= Cystocentesis =

Cystocentesis is a veterinary procedure, mainly performed in dogs and cats, in which a needle is inserted into the urinary bladder through the abdominal wall, and a urine sample is obtained. The clinical procedure can be done either by external palpation and stabilization of the urinary bladder which is called blind cystocentesis or the urinary bladder may be visualized using sonography, while guiding the needle into it, in real time, referred to as ultrasound-guided cystocentesis Cystocentesis has its advantages, although rarely a benign episode of fainting may be triggered by it.

==Indications==
Diagnostic cystocentesis is the most common reason to perform the procedure. Commonly practiced in small animal medicine, it provides an uncontaminated urine sample for urinalysis, biochemical assessment, or urine culture for bacterial speciation and antibiotic sensitivity. Diagnostic cystocentesis is used to reduce the risks of bacterial, cellular and debris contamination that other methods (like free catch or catheterization) have. This aids the veterinarian to tailor the treatment plan based on the changes observed in the urine's characteristics and to target antimicrobial treatment to help avoid development of antibiotic resistance by matching the antibiotic to the bacterial sensitivity.
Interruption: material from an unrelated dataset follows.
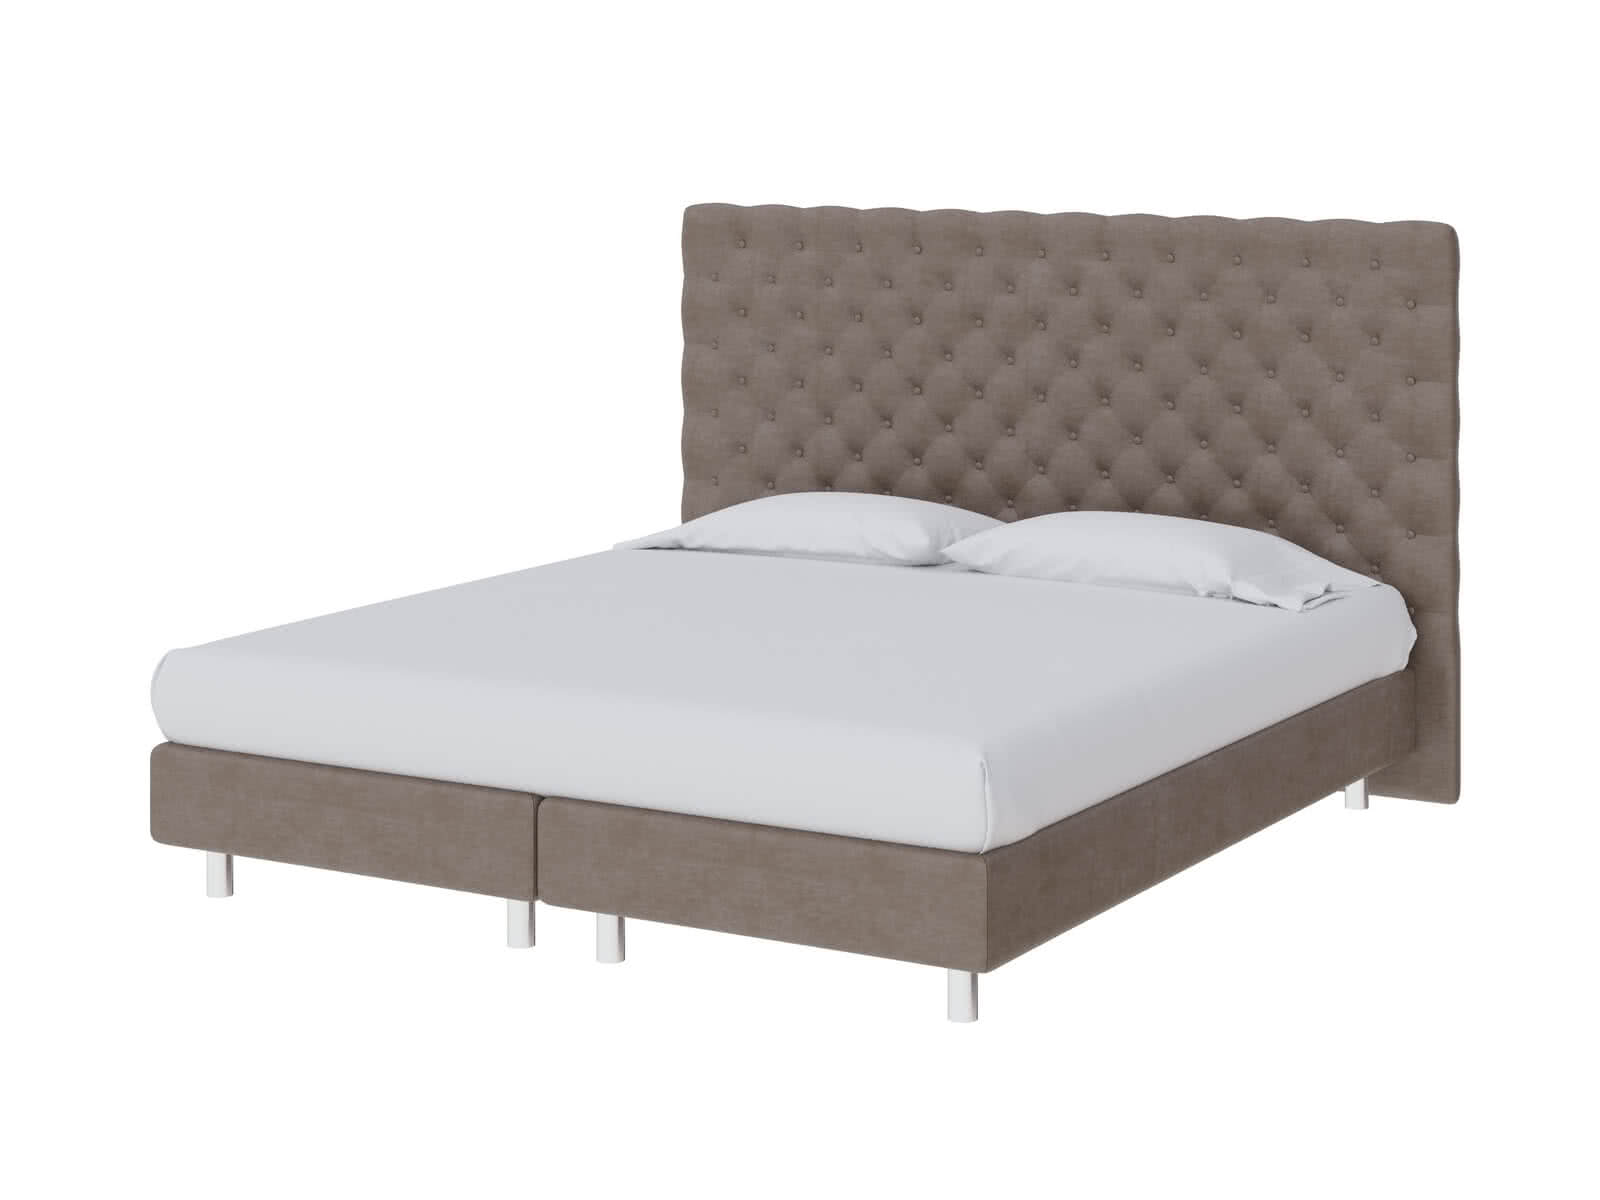 Купить кровать ProSon Кровать ProSon Europe Paris Lift, Лофти Лён 90 х 200 см Лофти Лён дешево на официальном сайте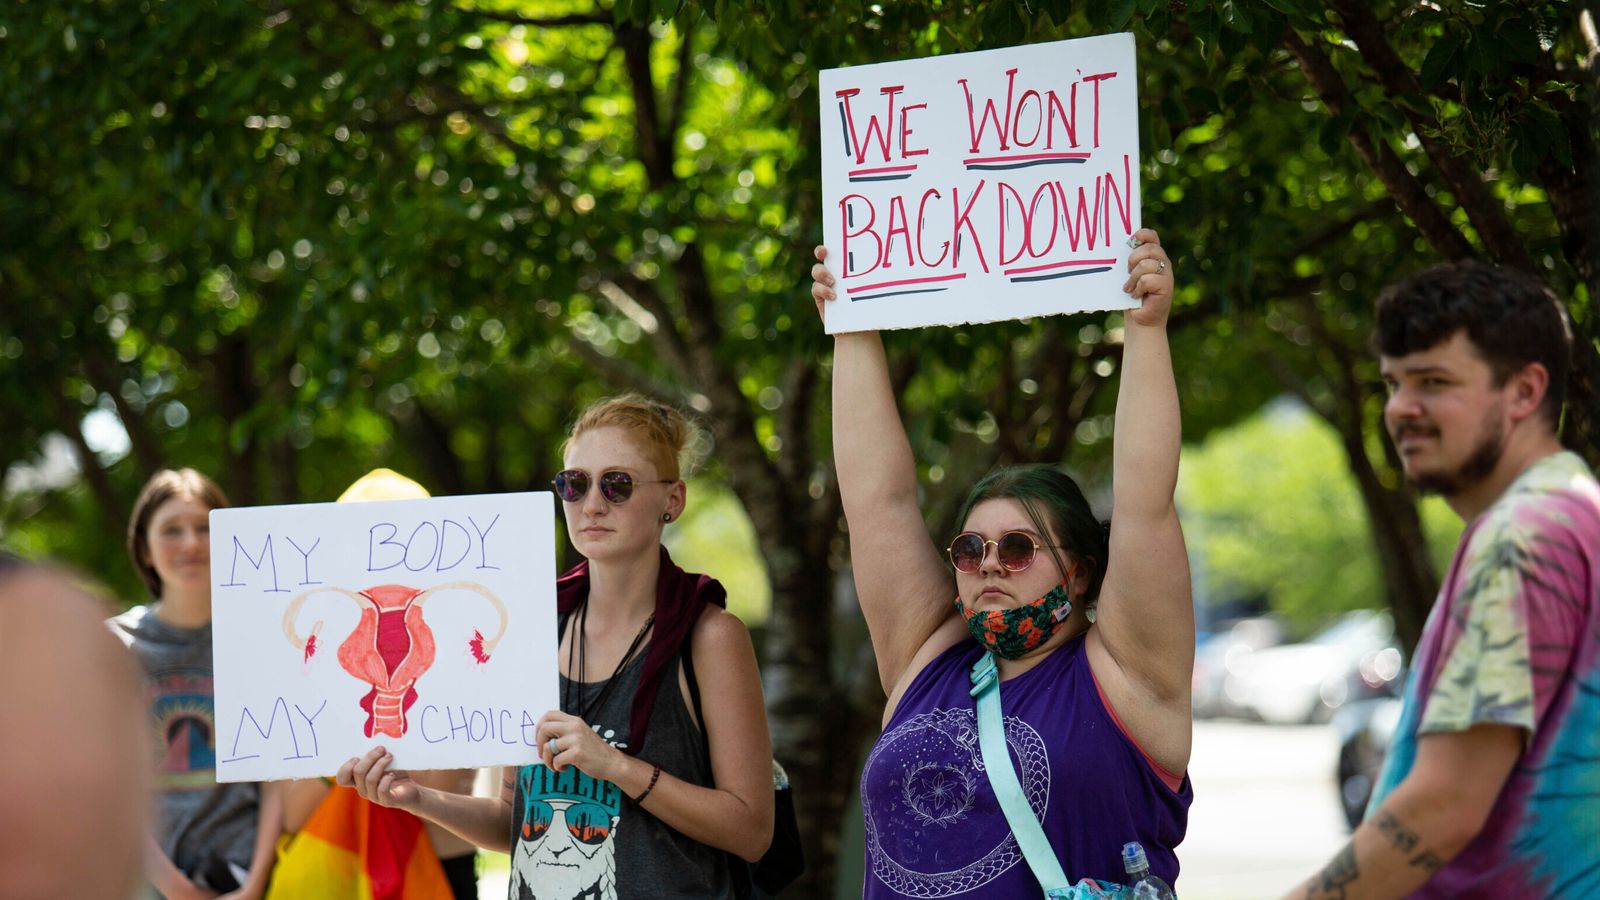 Un juge américain empêche le Kentucky d’imposer une interdiction presque complète de l’avortement après la décision Roe v Wade |  Nouvelles américaines

Therapeutic cystocentesis may be employed to relieve pressure buildup due to urethral obstruction i.e. decompressive cystocentesis. Therapeutic cystocentesis is typically a last resort for relief, as a greatly distended bladder is at risk of rupture when punctured. When possible, a safer method of emptying the urinary bladder in this condition is by urethral catheterization.

Research utilizing cystocentesis is mostly focused on the pharmacokinetics of medications, and in studies utilizing biomarkers.